Here’s a slightly longer and more technical article about the research in question. And here’s a link to a similar but much more technical article by an American researcher, T.J. LaRocca, from the University of Colorado.
Read the whole article (it is not long). Then go for a run.
January 11, 2010
I’ve mentioned this before and it is worth repeating: running is good but running with cross-training is even better.
In the last few weeks, I’ve found a number of good sites that suggest worthwhile exercises to strengthen the core and to increase resistance.
This one containing descriptions of core and resistance exercises, by an Australian coach called Amelia Burton, is clear and well explained. The other parts of her website are well worth looking at too.
Another excellent site is one by Jessi Stensland, a professional triathlete from the United States. Her own site is full of interesting training tips. She is especially keen on posture and stability exercises and links to a site called “Core Performance“. In particular, she recommends this article containing ten training tips.
One interval training programme she recommends but which seems really quite tough and looks like a variation on the Billat intervals I’m keen on. Have a look at Jessi’s post here (you’ll need to scroll down a little). Look out because the rest intervals get shorter, unlike with Billat intervals where they remain constant. Try it out if you are fit (but don’t if you are not).
Posted by Xavier
January 4, 2010
No, no, no ! I’m not planning to do that at all. But it is what a Belgian ultra-mega-hyper endurance athlete called Stefaan Engels plans to do in 2010.
No kidding. 365 marathons in 365 days. He’s started already and finished four consecutive marathons since 1st January 2010. Have a look at his website – MarathonMan365 – which, alas, is only in Flemish. But you’ll get the gist ! Here’s a link to a short article in French.
If he keeps it up until 22 February he will have broken the current world record apparently. That stands at 52 marathons in 52 consecutive days in 2009 and is held by the Japanese runner Akinori Kusuda who was 65 years old when he accomplished that.
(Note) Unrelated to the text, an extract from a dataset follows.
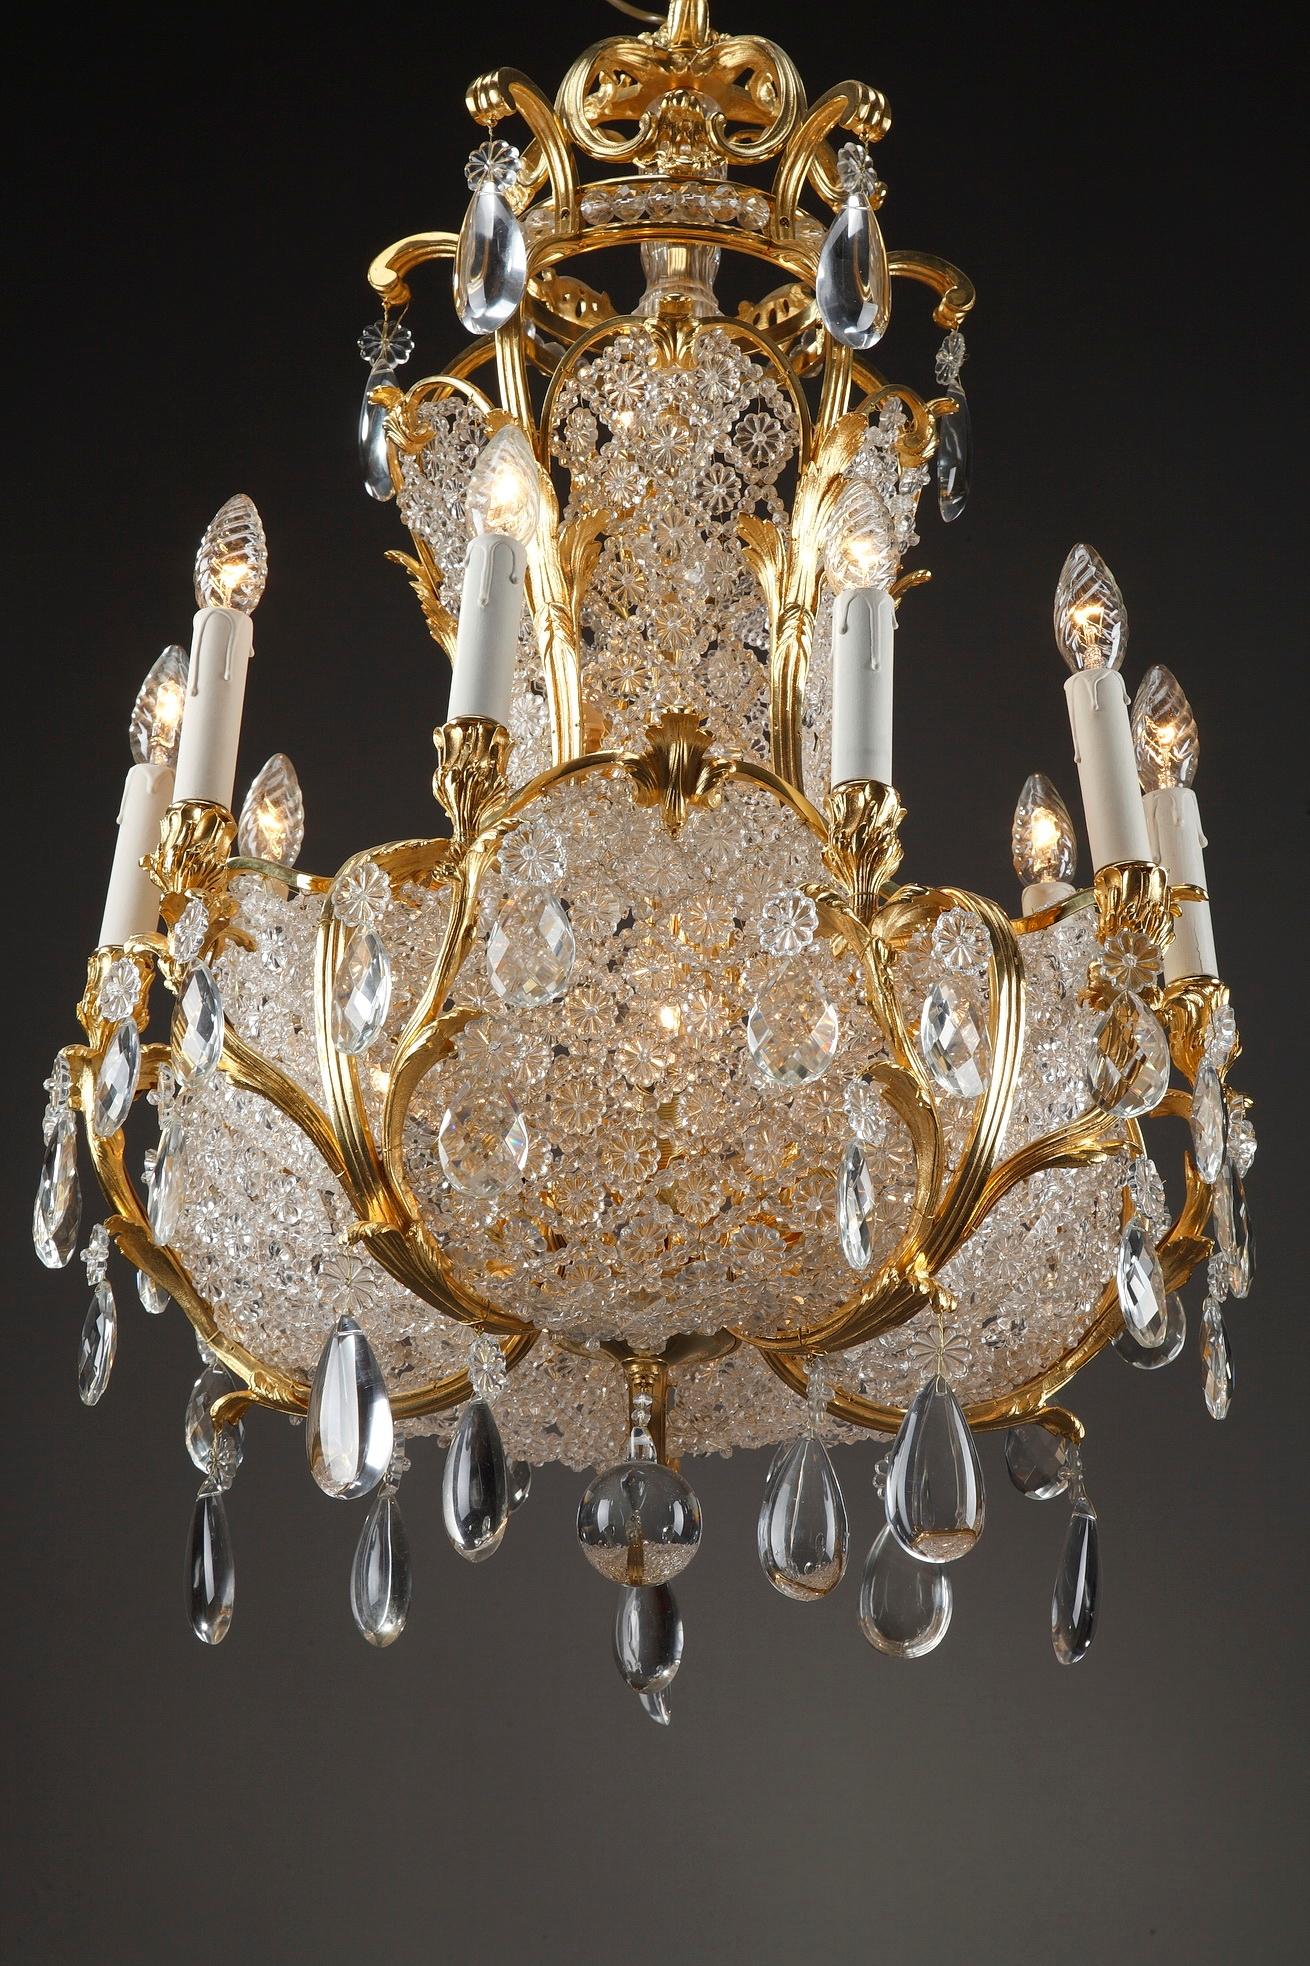 19th Century 10-Light Ormolu and Crystal Basket-Shaped Chandelier For Sale 3

Stefaan Engels website’s subtitle “Feel Good Tour” seems a bit incongruous to me. I don’t think I’d feel too great after running marathons on four consecutive days in the cold which is currently gripping Belgium, especially with the prospect of 361 more and no days off.
Frankly, I’m a bit lost for words. Anyway, all the best, Stefaan !
Posted by Xavier.
(Not sure how to categorise this post given my reluctance to create a “nuts” category, so I’ll leave it as “uncategorized”, in the sense of “extraordinary”).